DATASET SECTION:
= Beginning of Section =
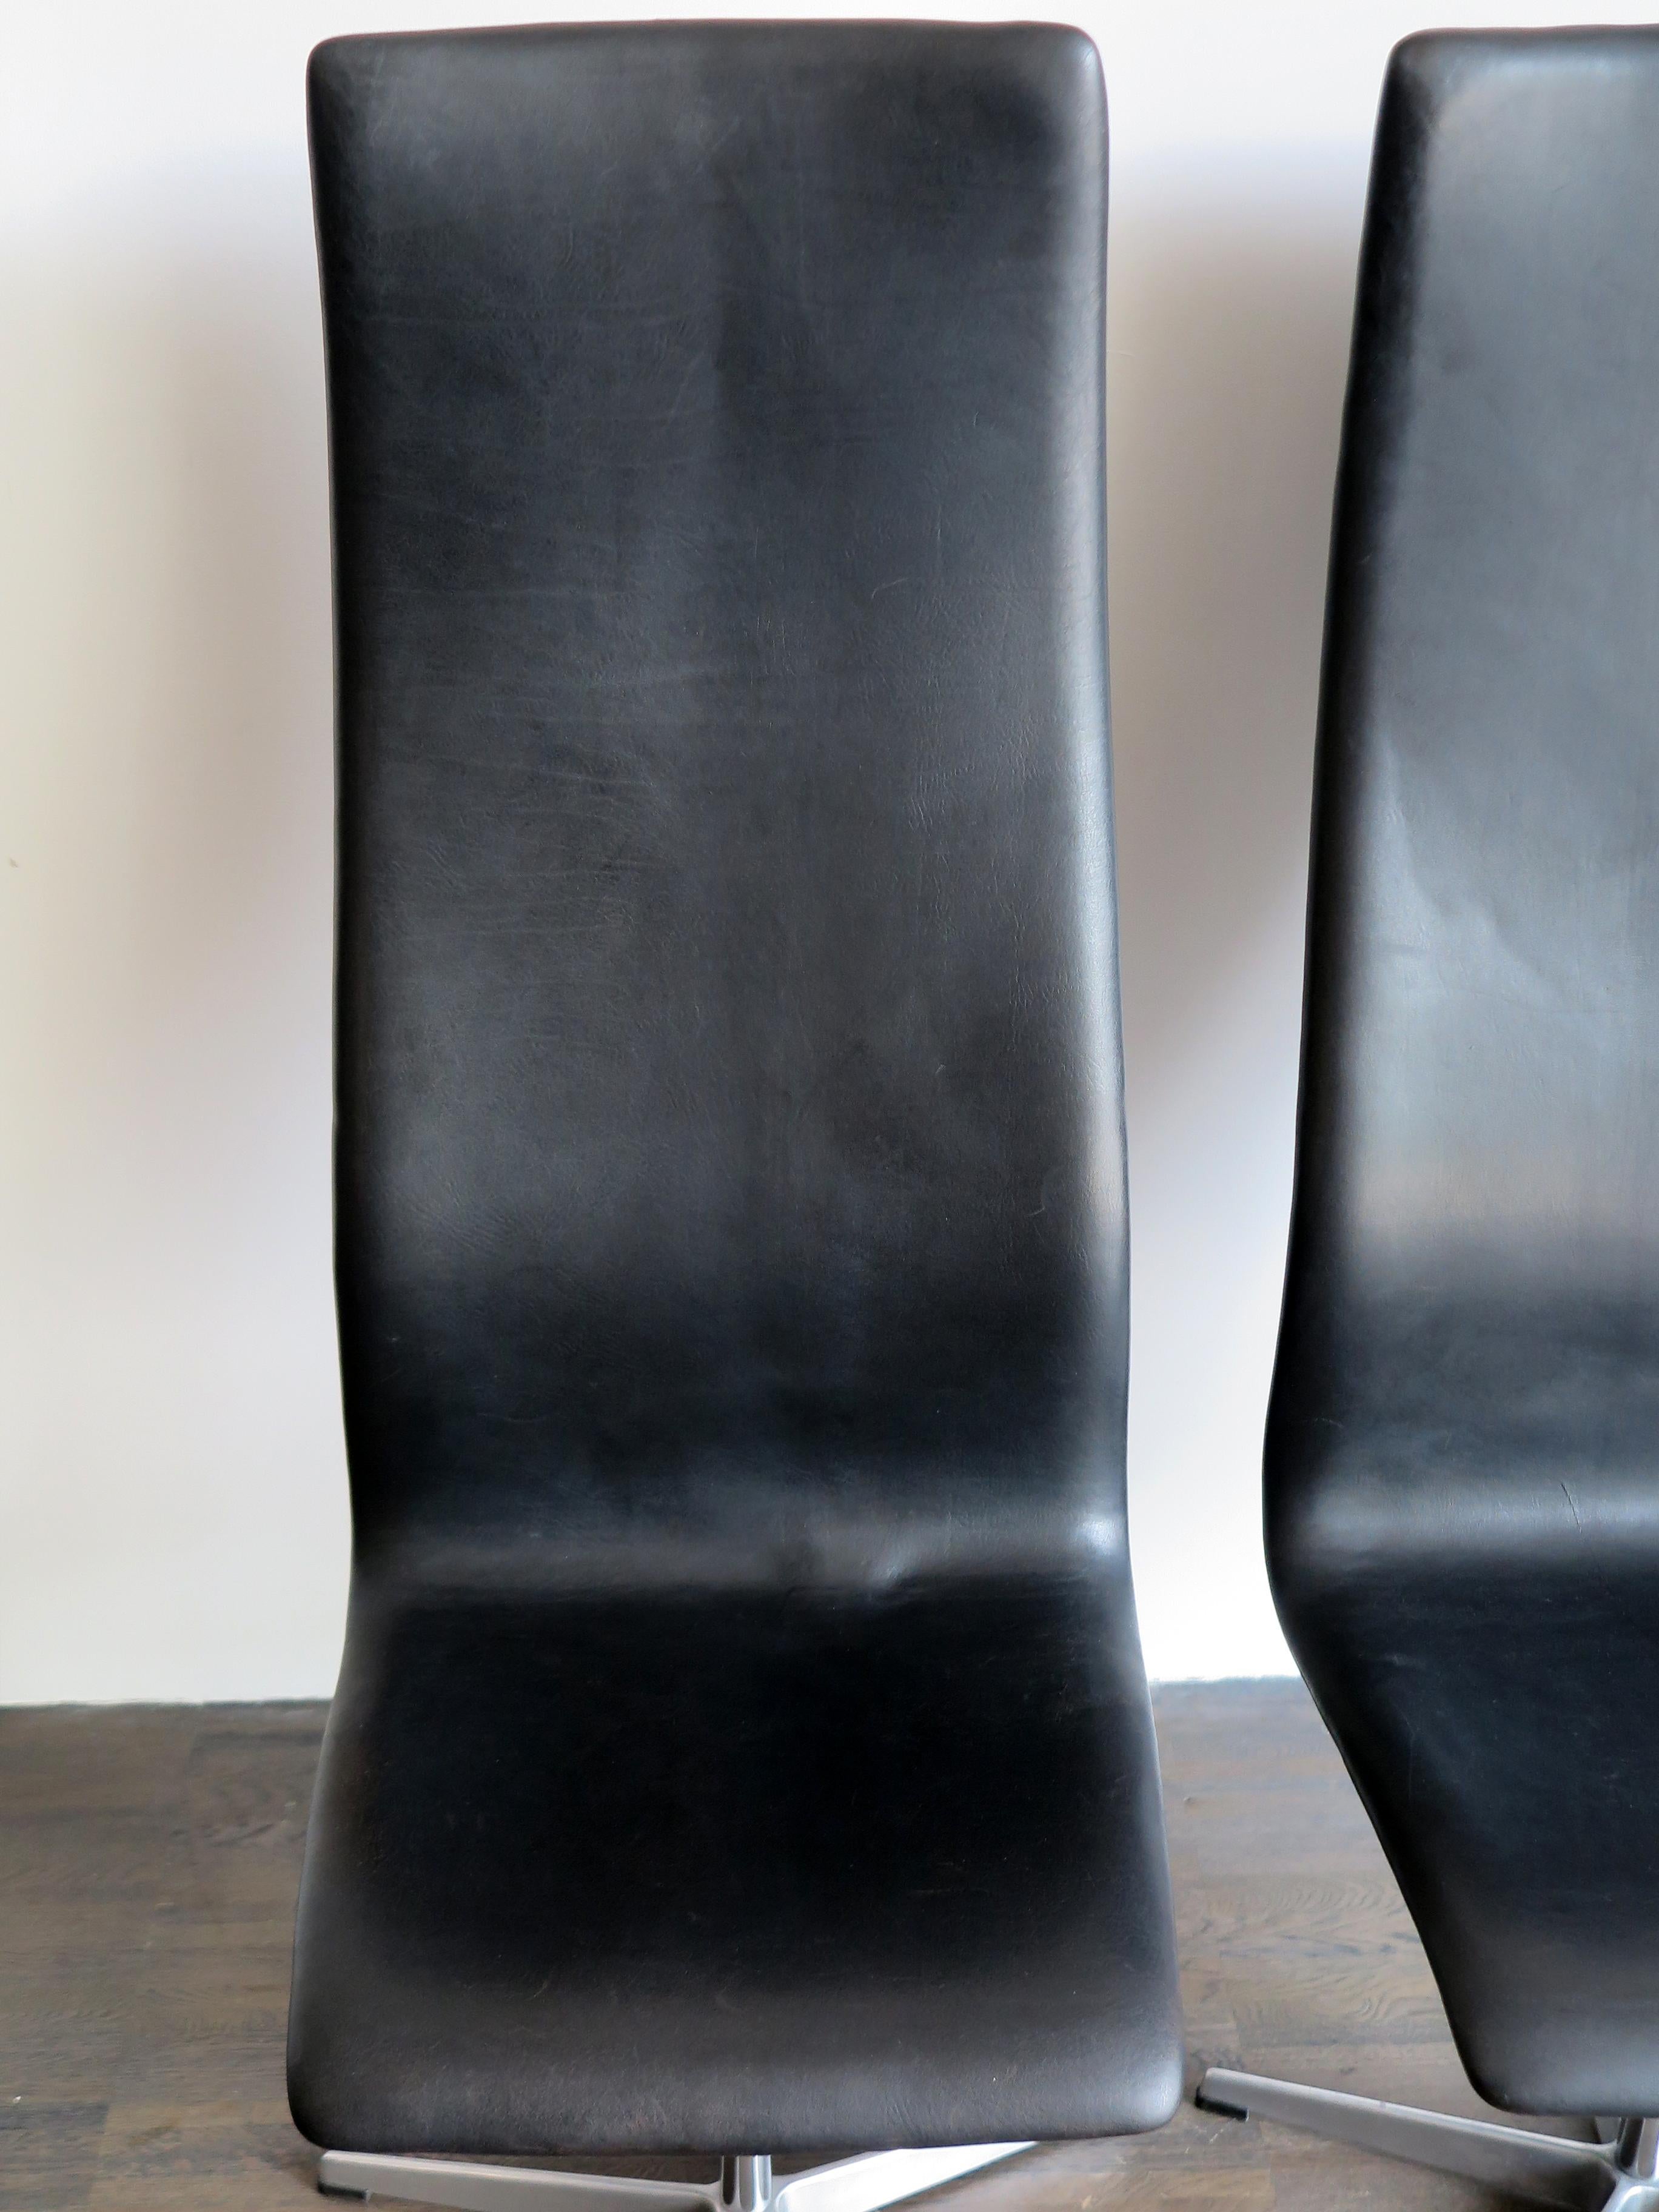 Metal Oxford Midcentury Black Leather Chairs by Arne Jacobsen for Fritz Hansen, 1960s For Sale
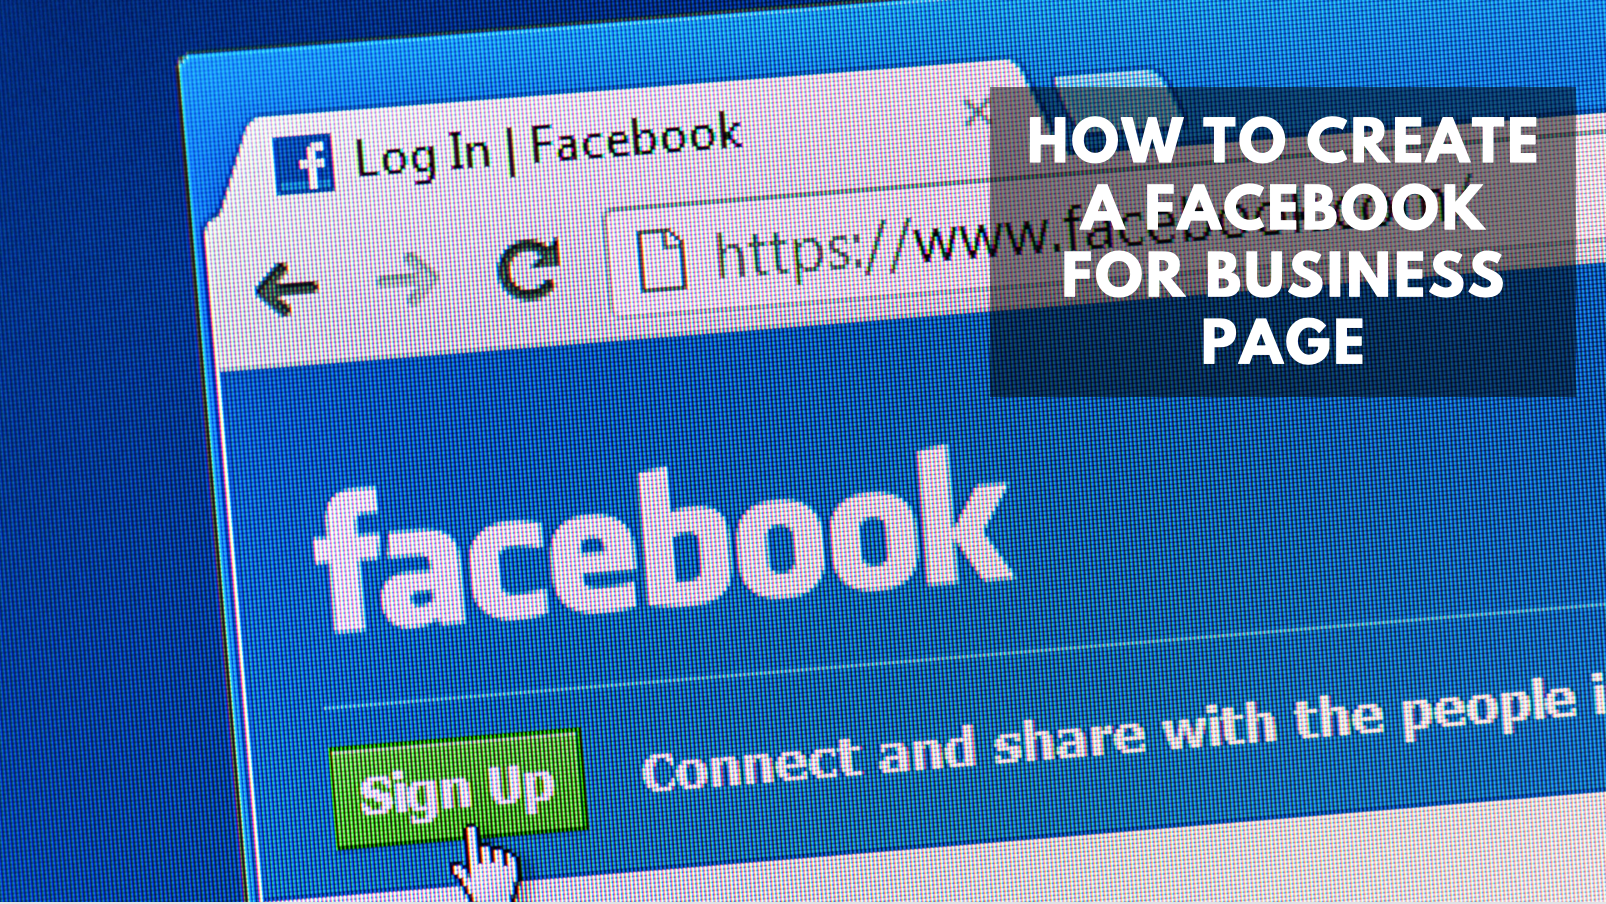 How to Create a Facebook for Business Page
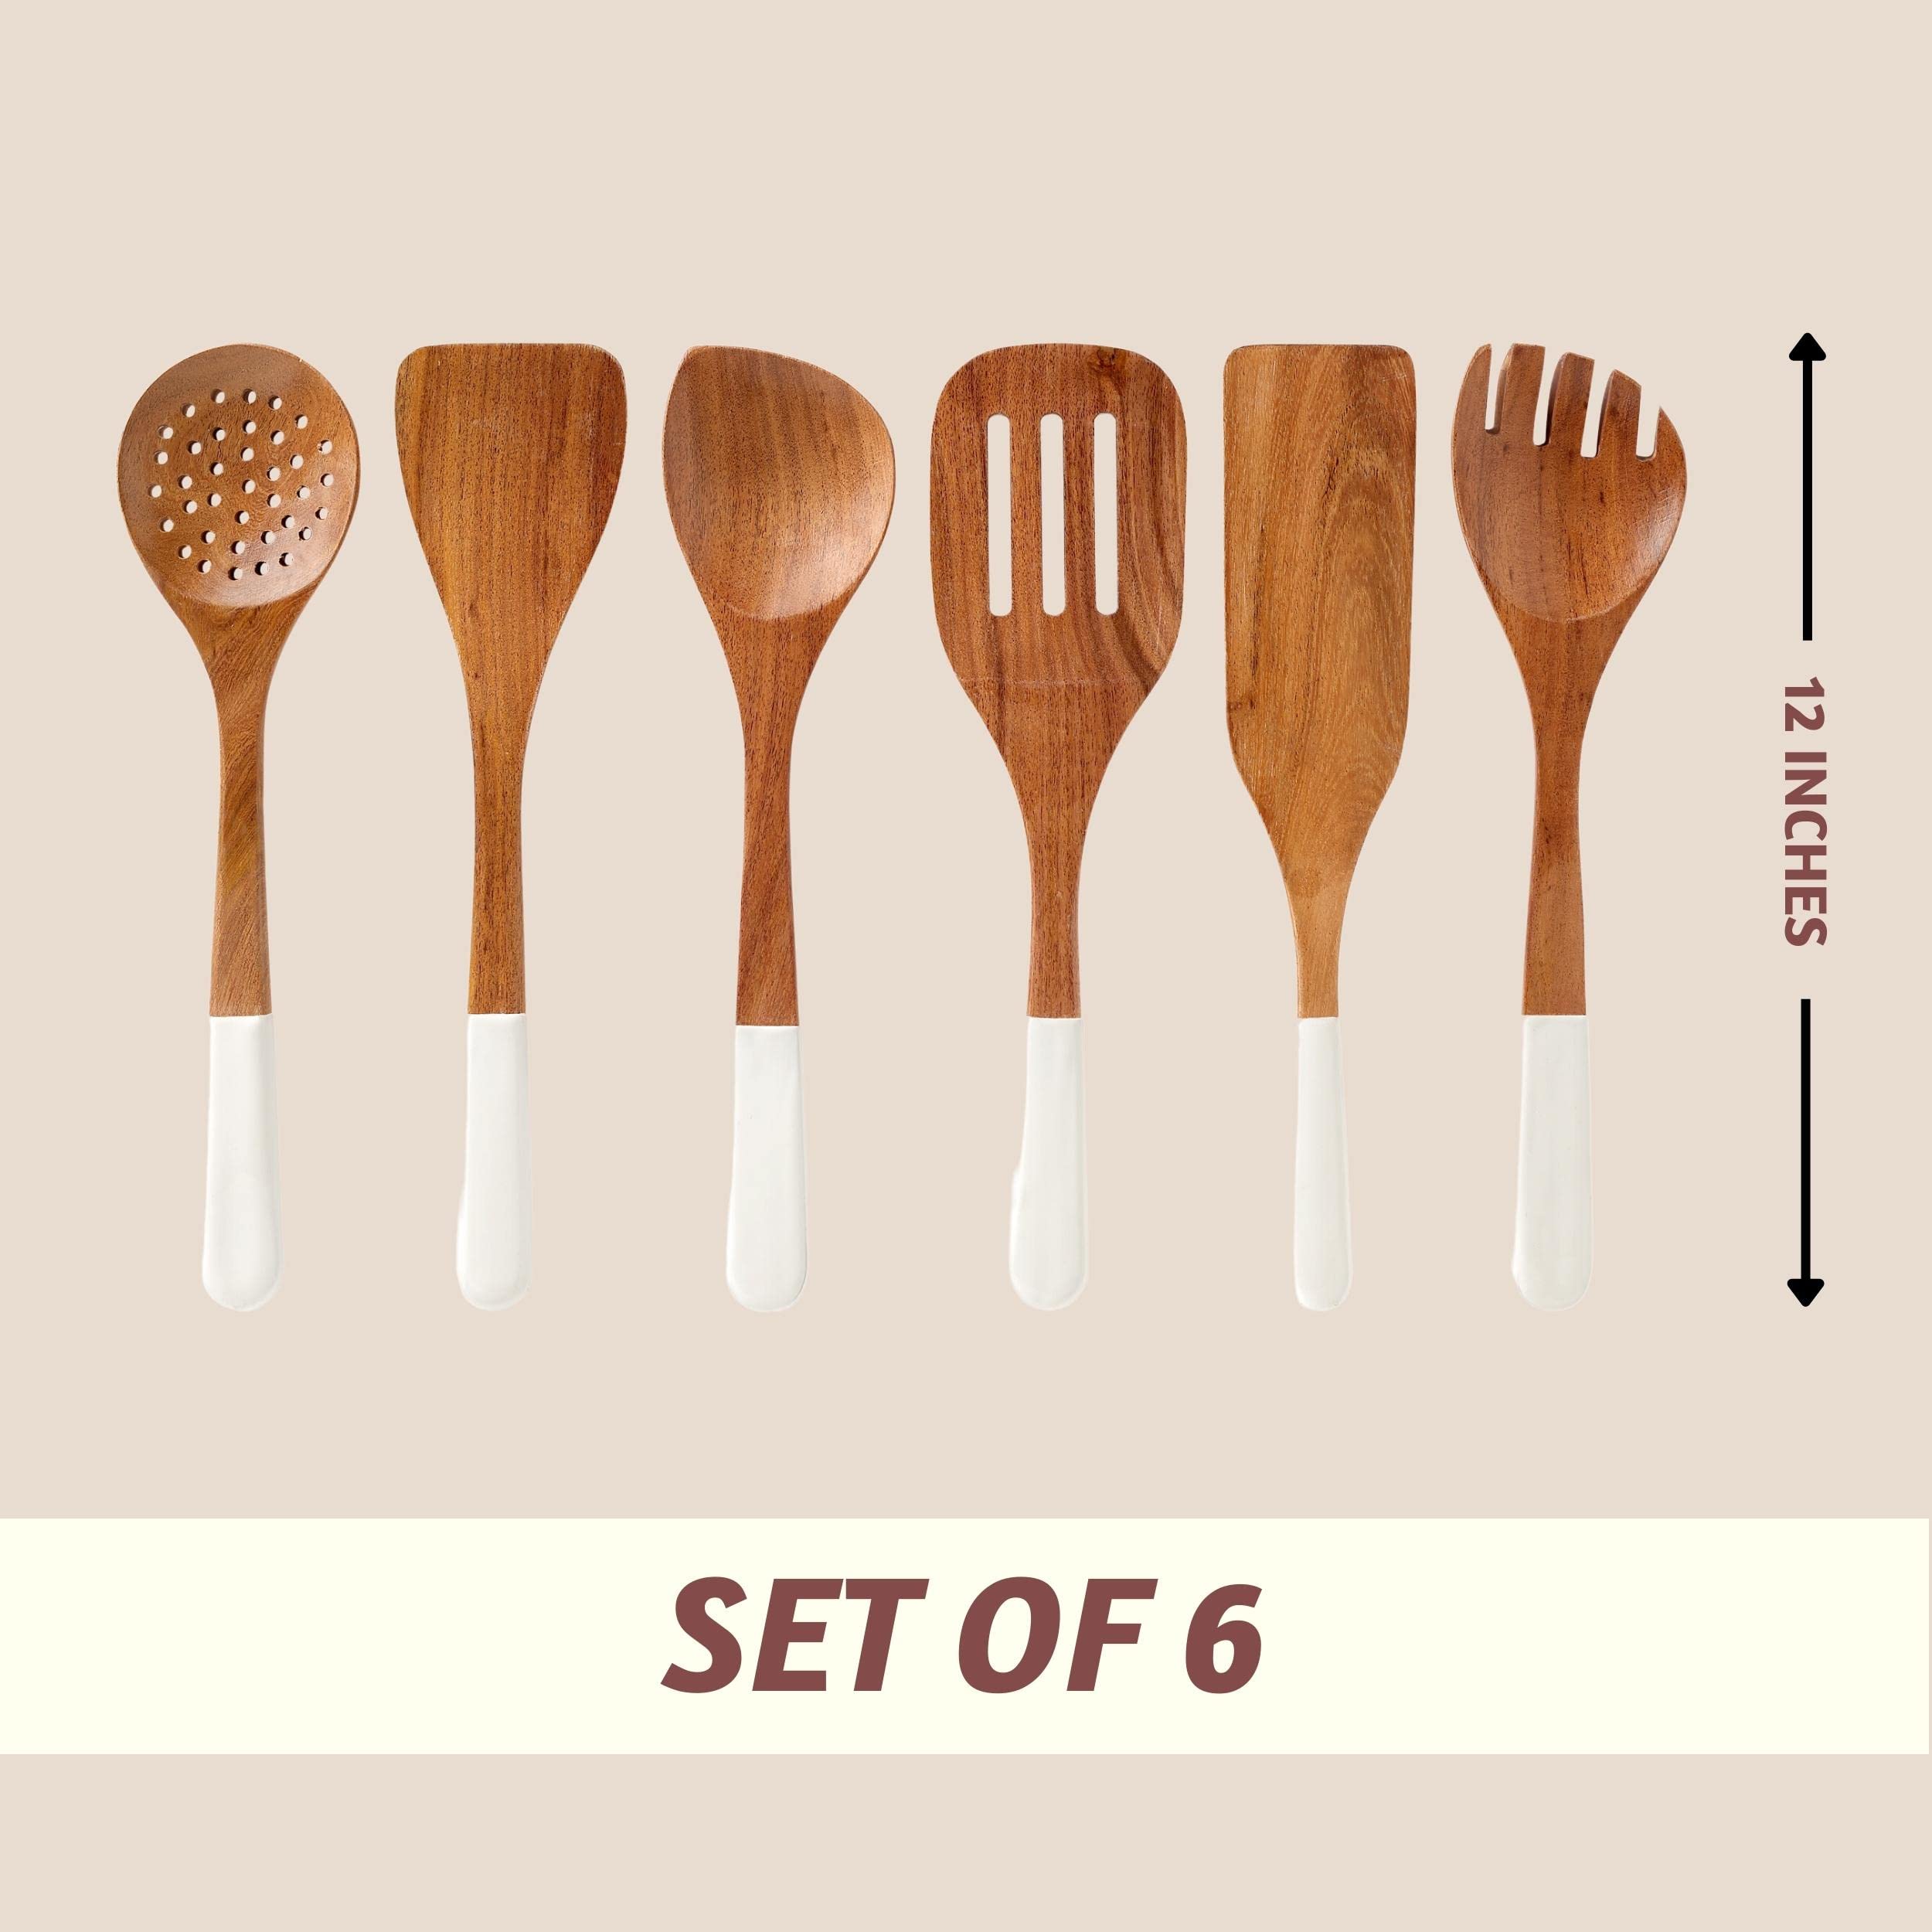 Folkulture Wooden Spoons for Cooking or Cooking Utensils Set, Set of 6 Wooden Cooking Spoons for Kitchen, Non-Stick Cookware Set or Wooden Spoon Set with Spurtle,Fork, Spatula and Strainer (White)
= End of Section =
EXERCISE: Print each line of the listing exactly and include no pictures.

ANSWER SPACE:
 Metal Oxford Midcentury Black Leather Chairs by Arne Jacobsen for Fritz Hansen, 1960s For Sale
 How to Create a Facebook for Business Page
 Folkulture Wooden Spoons for Cooking or Cooking Utensils Set, Set of 6 Wooden Cooking Spoons for Kitchen, Non-Stick Cookware Set or Wooden Spoon Set with Spurtle,Fork, Spatula and Strainer (White)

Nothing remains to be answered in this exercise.